Schuller briefly discusses some earlier histories of jazz and explains why recorded performance will be the object of study. He indicates where the separation lies between the present book and the projected second volume on the next period of jazz, the Swing Era.
This chapter briefly covers the sociological and musical backgrounds of jazz. It then goes into detail regarding what Schuller takes to be the major elements of jazz. In the section on rhythm, the book describes swing technically, while first admitting that "a definition of swing has about the same sketchy relationship to swing itself as jazz notation has to performed jazz." The section includes observations made in the ante-bellum and Civil War periods, as well as references to African rhythms and the jazz of the period that is the book's subject.
The section on form covers African elements, European influences, and forms developed by African-Americans in the South. Schuller concludes that the blues "left enough room to preserve a number of African rhythmic-melodic characteristics." In a brief discussion of the role of harmony in the origins of jazz, the book notes that African and European systems of harmony overlapped sufficiently to allow their synthesis without "profound problems." The section on melody again finds African characteristics in a fundamental characteristic of jazz melody: the use of blue notes. An additional African influence is the way that melody in predecessors of jazz followed speech characteristics.
A brief section on timbre again emphasizes the African roots of an emphasis on the individuality of a performer's tone color. Schuller notes that "African instrumentation reflects the vocal quality of African speech." He cites various jazz performers for the natural quality of their sound production, sound that makes each performer readily identifiable. A final brief section in this chapter, on improvisation, states that group improvisation, a hallmark of early jazz, is a distinctively African practice. Schuller counters a variety of other theories of the historical basis of jazz improvisation. He summarizes the "Origins" chapter by observing, "Many more aspects of jazz derive directly from African musical-social traditions than has been assumed."
While focusing with considerable detail on New Orleans, Schuller is at pains to emphasize that jazz arose in the period immediately after 1900 in many places in the United States, even while other African-American music that may have incorporated some jazz characteristics was simultaneously taking shape without actually being jazz. He asserts that the varied kinds of music that soon fused as jazz had the blues in common. For both the varied locations and the commonality of blues, Schuller details as examples developments in Denver and Springfield, Ohio, as well as New Orleans.
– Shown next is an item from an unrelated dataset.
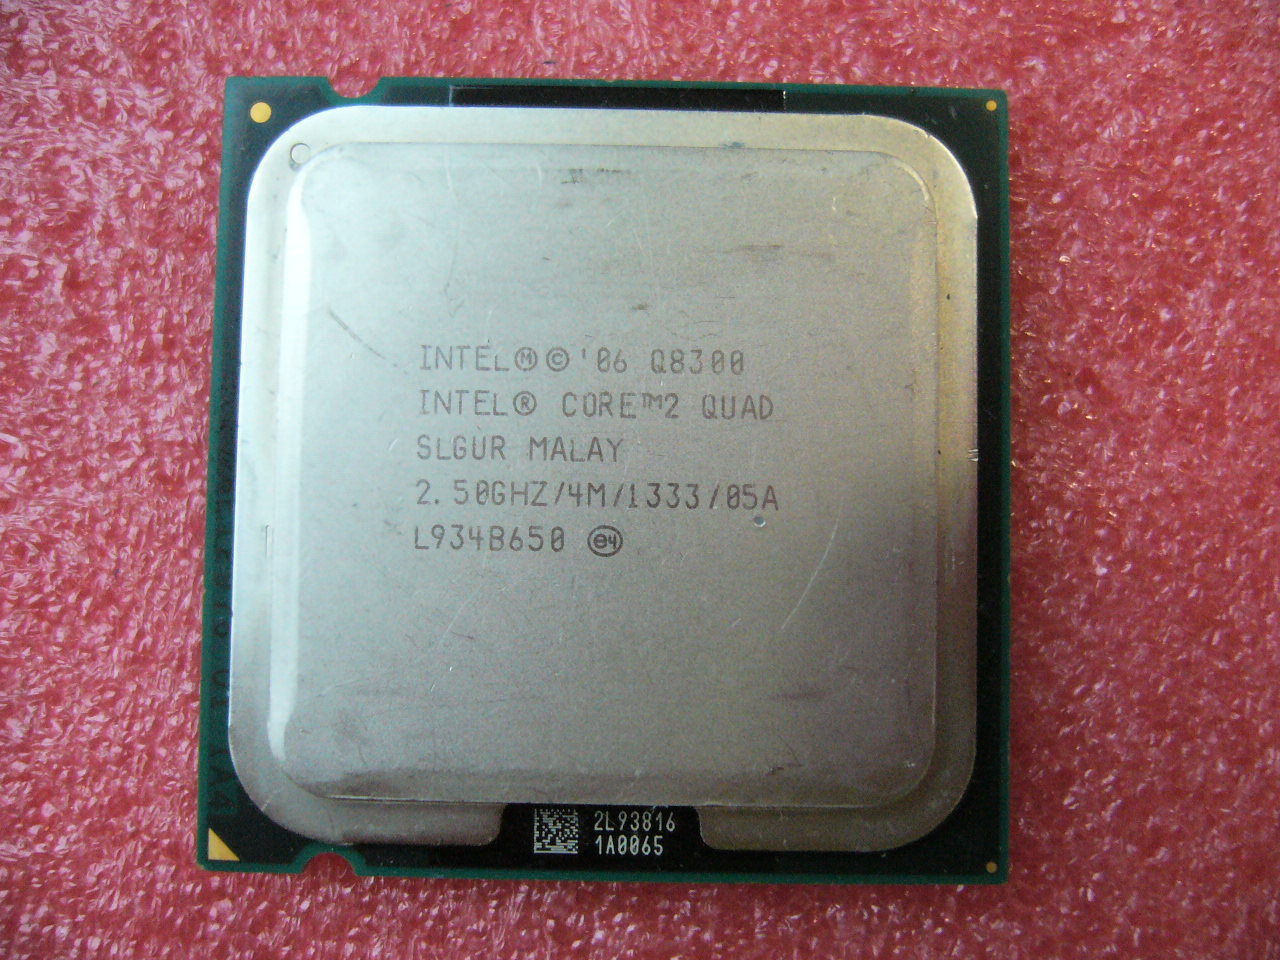 QTY 1x INTEL Core2 Quad Q8300 CPU 2.50GHz/4MB/1333Mhz LGA775 SLGUR SLB5W - zum Schließen ins Bild klicken

Some of the already leading jazz musicians rapidly came to wider public notice when they made their first issued recordings, in 1923. This group included King Oliver, Freddie Keppard, Louis Armstrong, Jelly Roll Morton, Sidney Bechet and Bennie Moten. (The blues singer Bessie Smith also began recording that year.) Despite having these recordings in hand, Schuller is unwilling to extrapolate historically back to what earlier jazz would have sounded like, preferring to rely on written and verbal reports.
This chapter focuses on the musical innovations that Louis Armstrong created. Although it includes some biographical information about Armstrong, its emphasis is quite firmly on Armstrong's recording sessions and recorded performances of the 1920s, and his interactions with other musicians and musical organizations. Armstrong's associates on these record dates, such as Johnny Dodds and Earl Hines, also come in for some musical analysis.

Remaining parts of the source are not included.